LGBT activists in Bangladesh have to remain in the shadows, even online. They censor themselves and erase all traces of themselves on social networks. Why? Because if social networks and internet access allow minorities and activists to reach a wider public, they also make them more visible to others.

The link between the arrival of universally accessible social networks, the rise of the progressive voice from activists from all persuasions (notably LGBT), and a radical Islam which is taking the country by storm, forms a lethal triangle in Bangladesh. However, the LGBT community is not the only one to suffer at the hands of Islamic fundamentalists.

A phenomenon affecting the whole society

Many sociological profiles attract the wrath of the country’s fundamentalist Muslims. Attacks are also aimed at members of religious minority groups, such as Shia Muslims, Sufi Muslims, Christians, and Hindus.

Cohabitation between conservative Islam and various types of activism does not run smoothly. Since around 2013, numerous murders of atheist students, university teachers, bloggers, and secular people have been carried out, sometimes in plain sight: shot with firearms or stabbed with machetes. The attacks are aimed at Muslims and non-Muslims alike who advocate a peaceful, moderate Islam or who hold ideas considered to be “anti-Islamic”.

Rexaul Karim Siddique, an English teacher at the University of Rajshani, was killed by Islamic State for having “called out for atheism” two days before Mannan’s death. Earlier that month Nazimuddin Samad, an atheist blogger, was murdered near the University of Jagannath where he was studying law. In total, according to Champa Patel, the head of Amnesyt Internationa in southern Asia, four murders have been counted in a single month.

These murders are one of the signs of the tension that reigns between the followers of political Islam and the others: often young people and students, atheists, or advocates of a moderate Islam and a secular State. There is currently a separation of State and Islam in Bangladesh but it is regularly challenged. For instance, a statue depicting justice as a Greek goddess, which was erected in front of the Supreme Court in the capital Dacca, was dismantled in May 2017 under pressure from militant Islamists. Although it was admittedly put up again a few days later, it was placed in a location were allegedly no one would see it.

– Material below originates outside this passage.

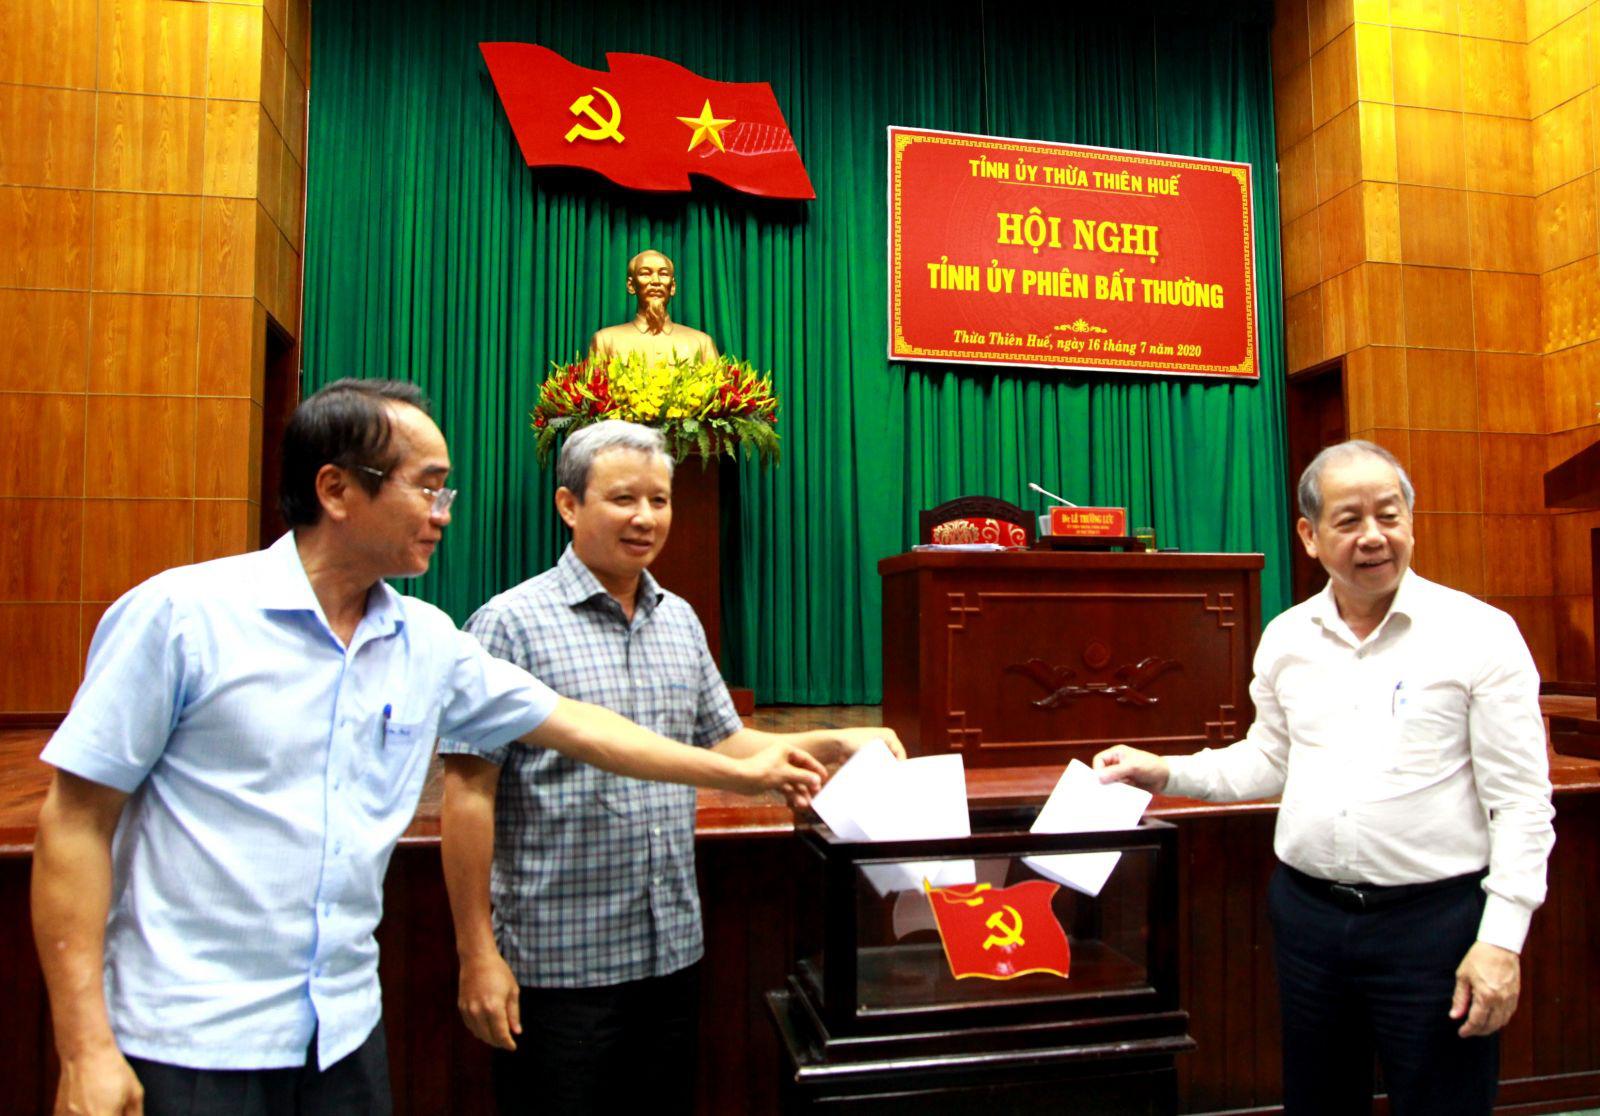 TT- Huế: Giám đốc Công an tỉnh được bầu giữ chức Phó Bí thư Tỉnh ủy - Ảnh 1.

The impossible separation of State and religion

Throughout the whole of February in 2013, at the time of the demonstrations on Shahbag Square, up to 500,000 protested for the death penalty to be given to Abdul Quader Molla, rather than life imprisonment as was decided by the judge. Molla had been accused of multiple war crimes committed during the War of Independence in 1971. Some of the demonstrators also called for a ban on Jamaat-e-Islami, the country’s main Islamic party of which Molla was one of the leaders.

Jamaat-e-Islami organised a counter-demonstration in response to protest against these attacks and against the death sentence of Delwar Hossain Sayeedi, the party’s second in command. This sentence was perceived by Islamic fundamentalists as unjust and motivated by political objectives. The violent confrontations that followed, by both proponents and opponents of fundamental Islam, and by the law enforcement agencies caused nearly 60 deaths.

Going completely against the principle of the separation of politics and religious forces in Bangladesh, the ruling Awami league, animated by an electoral strategy, shows itself to be leaning more and more towards Islamic fundamentalism. This explains that such fundamentalists increasingly have the feeling that they can kill with total impunity it was reported by the BBC.

A hit list

Islamic extremists even wish to extend their battle abroad. They have published a hit list of some 84 people, among which nine live in the United Kingdom, eight in Germany, two in the United States, one in Canada, and one in Sweden. The list was circulated by Ansarullah Bangla Team, or Ansar Bangla, one of the most active terrorist groups in Bangladesh, according to Ajit Kumar Singh, a researcher and expert in terrorism.